Given any integrable function $f\, \colon \mathbb{R}_+ \to \mathbb R$, it is relative easy to show that the best constant for which the following Poincar'e-type inequality $$ \int_{\mathbb{R}_+} f^2\,\mathrm{e}^x\,\mathrm{d}x \leq C\,\int_{\mathbb{R}_+} |f'|^2\,\mathrm{e}^x\,\mathrm{d}x \tag{1}$$ holds is $C = 4$. Indeed, we can prove $(1)$ by writing $f(x) = -\int_{x}^\infty f'(y)\,\mathrm{d} y$ and apply Cauchy-Schwarz several times. The optimality of the constant $4$ can be seen by taking $f(x) = \mathrm{e}^{-\lambda\,x}$ for $\lambda > 1/2$ and then sending $\lambda \to 1/2$. However, suppose we have further constraints on $f$ prescribed by $$ \int_{\mathbb{R}_+} f(x)\,\mathrm{d}x = 0,\quad\text{and}\quad \int_{\mathbb{R}_+} x\,f(x)\,\mathrm{d}x = 0. \tag{2} $$ How can we "sharpen" (or refine) the Poincare constant with the help of these additional restrictions? Clearly, the argument without $(2)$ relies purely on the fundamental theorem of calculus and the basic Cauchy-Schwarz inequality, I am stuck at the possibility of incorporating $(2)$ into the argument in order to refine the constant $C$ appearing in $(1)$. Thank you very much for your help!

Answer 1

Hint.

We can handle this with Calculus of Variations.
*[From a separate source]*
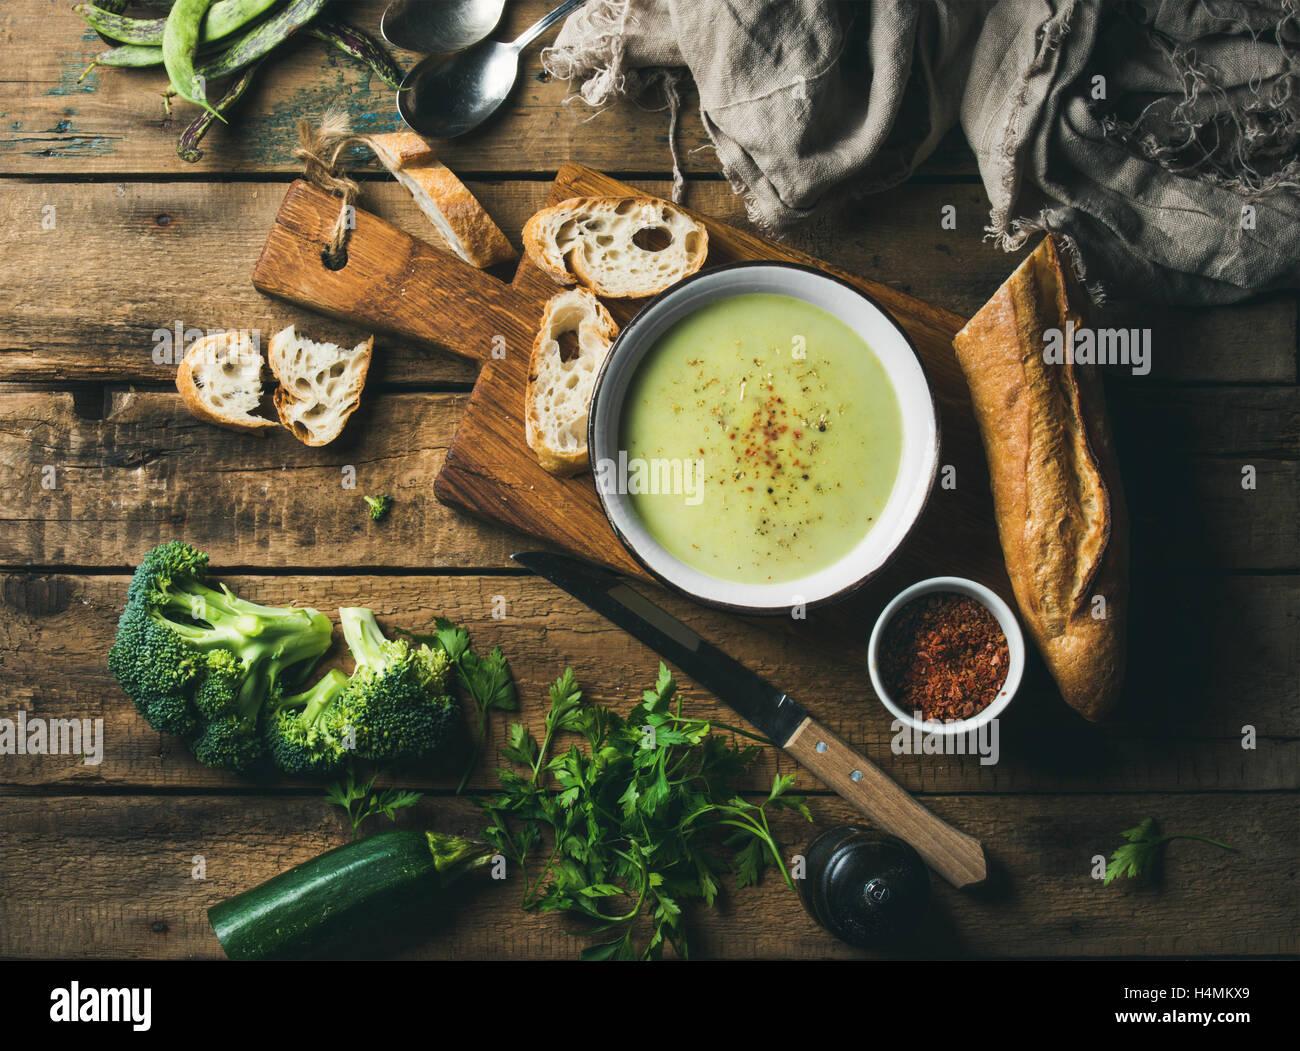 Homemade pea, broccoli, zucchini cream soup with fresh baguette - Stock Image

Defining

$$ L(f,f',x) = \left(f^2-C(f')^2\right)e^x $$

and solving

$$ \max J(f,C)= \max\int_{\mathbb{R}^+}\left(L(f,f',x) + \lambda_1f + \lambda_2xf\right) dx $$

with $\lambda_1,\lambda_2$ Lagrange multipliers.

NOTE

Let us consider the simpler problem

$$ \max J(f,C)= \max\int_{\mathbb{R}^+}\left(f^2-C(f')^2\right)e^x dx $$

The Euler-Lagrange equation gives the stationary condition $$ Cf''+Cf'+f=0 $$

with solution

$$ f = c_1 e^{-\frac{1}{2} \left(1+\frac{\sqrt{C-4}}{\sqrt{C}}\right) x}+c_2 e^{\frac{1}{2} \left(\frac{\sqrt{C-4}}{\sqrt{C}}-1\right) x} $$

As $f$ should be integrable on $\mathbb{R}^+$ , $c_2=0$ so we follow with

$$ f = c_1 e^{-\frac{1}{2} \left(1+\frac{\sqrt{C-4}}{\sqrt{C}}\right) x} $$

and now substituting this function on $J(f,C)$ we get

$$ J(f,C)=\frac{\left(4-C-\sqrt{C-4} \sqrt{C}\right) c_1{}^2}{2 \sqrt{\frac{C-4}{C}}}=-\frac{1}{2} \left(\sqrt{C}\sqrt{C-4}+C \right)c_1^2 $$

and $\max J(f,C)=\lim_{C\to 4}J(f,C) = -2c_1^2\le 0$.

NOTE

Regarding the full problem, as the stationary condition gives the function

$$ f = c_1 e^{-\frac{1}{2} \left(\sqrt{\frac{C-4}{C}}+1\right) x}-\frac{1}{2} e^{-x} (\lambda_2 (C+x)+\lambda_1) $$

the restrictions gives us

$$ \int_{\mathbb{R}^+} f dx = \frac{1}{2} \left(c_1C -\sqrt{C-4} \sqrt{C} c_1-(C+1) \lambda_2-\lambda_1\right)=0 $$

and

$$ \int_{\mathbb{R}^+} x f dx = \frac{4 c_1}{\left(\sqrt{\frac{C-4}{C}}+1\right)^2}-\frac{1}{2} (C+2) \lambda_2-\frac{\lambda_1}{2}=0 $$

Solving for $\lambda_1,\lambda_2$ we get

$$ \cases{ \lambda_1 = \frac{4 \sqrt{C} \left(-C^{3/2}+\sqrt{C-4} C+2 \sqrt{C-4}\right) c_1}{\left(\sqrt{C-4}+\sqrt{C}\right)^2}\\ \lambda_2 = -\frac{4 \left(\sqrt{\frac{C-4}{C}}-1\right) c_1}{\left(\sqrt{\frac{C-4}{C}}+1\right)^2} } $$

and after substitution into $J(f,C,\lambda_1,\lambda_2)$ it gives

$$ J(f,C,\lambda_1,\lambda_2) = -\frac{128 \left(\sqrt{C-4}+5 \sqrt{C}\right) \sqrt{C} c_1{}^2}{\left(\sqrt{C-4}+\sqrt{C}\right)^8} $$

Here $J(f,C,\lambda_1,\lambda_2) \le 0 $ and its maximum occours as $C\rightarrow \infty$. Also as $C\rightarrow \infty$ we have $\lambda_1\rightarrow 0$ and $\lambda_2\rightarrow 0$ so the conclusion is that the problem has not solution as formulated. Does not exists such $C$.